Its the same with humans. I dont go take my breasts off to prevent breast cancer so why should I remove my dogs testicles to prevent the less then 1% chance he may get cancer there...


----------



## cgriffin (Nov 30, 2011)

I am sorry, but I keep hearing: I tried this and that but ....... Have you ever taken him to the vet for his dry itchy ear at all? 
A lot of German Shepherds have issues with their ears, my sister has two GSD. 
Sorry, but unless you see a vet about his issues, you will never know what is wrong and what can be done about it. It may just be something so simple and easily taken care of with just some kind of ointment, ear drops, special dog bath, etc.... If you have not consulted a vet, please do so.
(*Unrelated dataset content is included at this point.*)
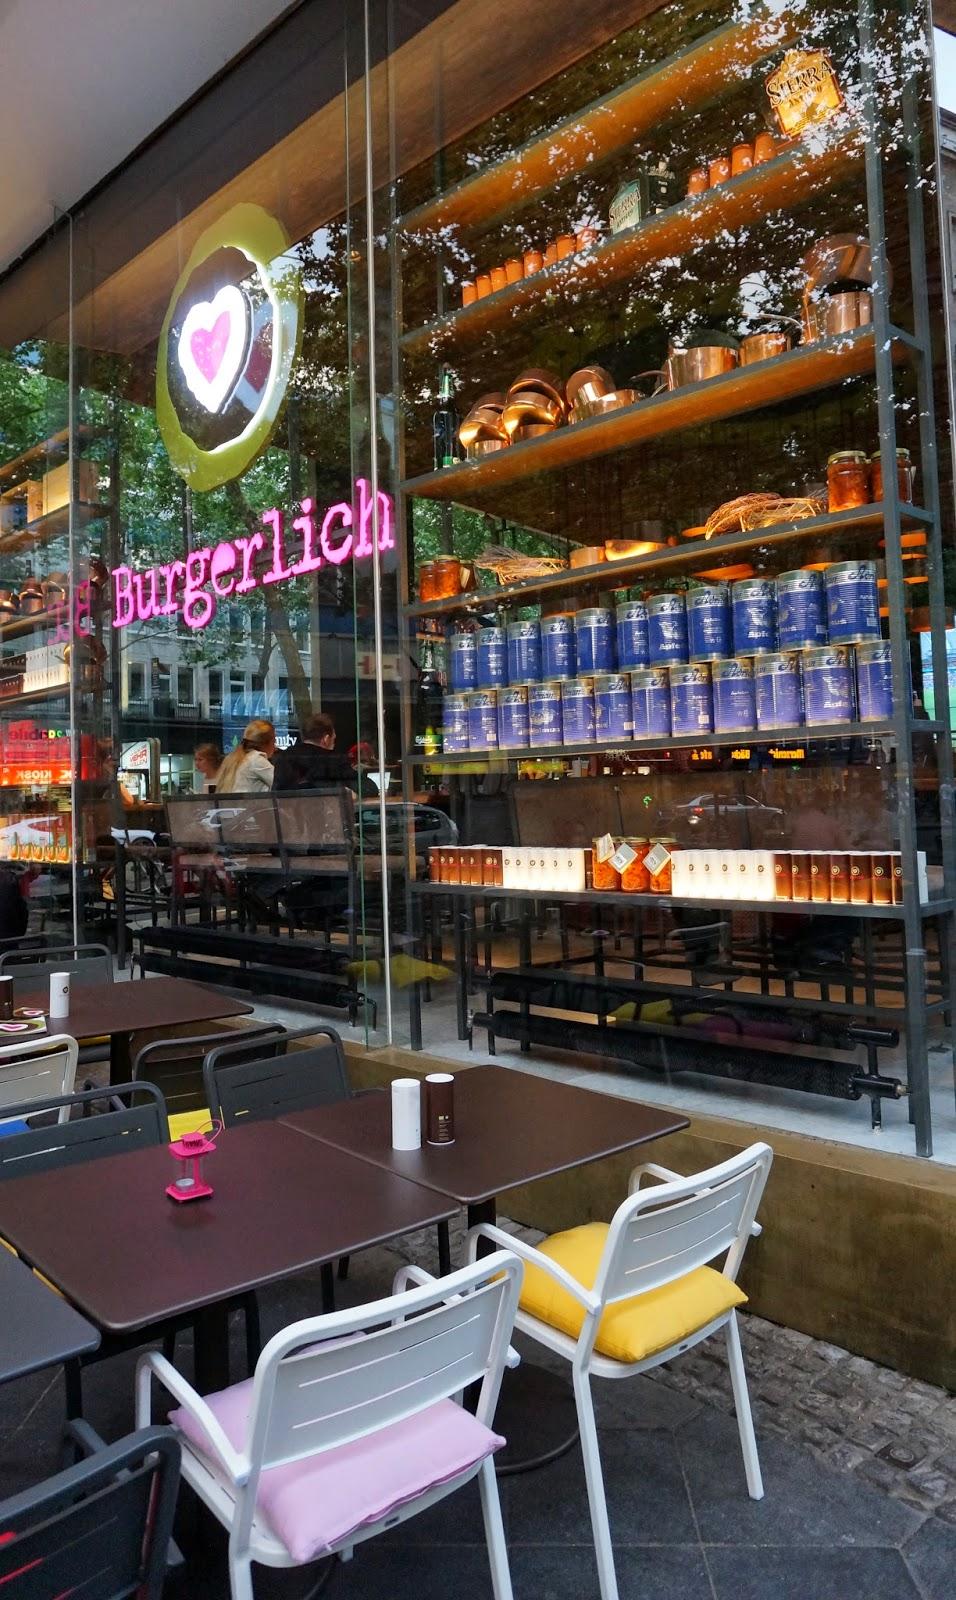 Burgerladen Köln, Burger essen in Köln, beste Burger, Erfahrungen Burgerlich, Burgerlich Fotos

To go to the extreme of " I consider having his ears cut off" is so unfair and wrong to do to your dog. 
The only way I could ever condone having an ear removed is, if it was so badly damaged and mangled that it could not be saved or if it had cancerous growths in it. Which does not apply here at all. Please see a professional for skin problems.


----------



## Enzos_Mom (Apr 8, 2010)

With a GSD, I don't quite get how cropping his ears will prevent infections. It's not like a golden with floppy ears. GSD ears stand up and let air circulate in them already. What would cropping his ears achieve?

Maybe I'm off base for saying this, but it seems you keep coming here and starting threads that will stir up drama. Every post you have is something that will either get people all up in arms (neutering, ear cropping, etc.) or it's you making something dramatic out of something that isn't a big deal (your old vet's notes, which are irrelevant now that they are no longer your vet).


----------



## A1Malinois (Oct 28, 2011)

Ninde'Gold said:


> Have you ever considered letting a rescue take him? It seems a lot of your threads are about how you can't afford what he needs.
> 
> Sometimes dogs just always have issues. I'm sure there's a great GSD rescue in Ontario that could foster him and place him in a great home.
> 
> You don't have to believe the only options are to strain yourself financially or have the SPCA put him down.


Hes not going to a rescue. 1. No rescue would take him because he has aggression issues and *I* am the only one who can control him (yes I have had him evaluated) and 2. Hes my dog and I dont wish for him to have a life living on prescription foods, prednisone and being fat. If I were him I would much rather be dead then barely thriving in a new home where all the drugs they give me do nothing but make me loopy. 

So no, a rescue will not be taking him. I can afford basic things and have some money for little emergencies but I cannot afford a huge surgery that will cost more then $600. IMO you dont have to make millions to own a dog and I dont even want to be told that. My dog is my life and I do what I can for him. Me being a good home for him shouldnt be judged on how much money I have. I know people who dropped their dogs off at the shelter because they had fleas and it costs money for that. My dog has a lot off issues and I have stuck by him this whole time and I am not going to give up yet. 

If cropping his ear stands between him being put down and me keeping him. I think I will choose to crop his ear. 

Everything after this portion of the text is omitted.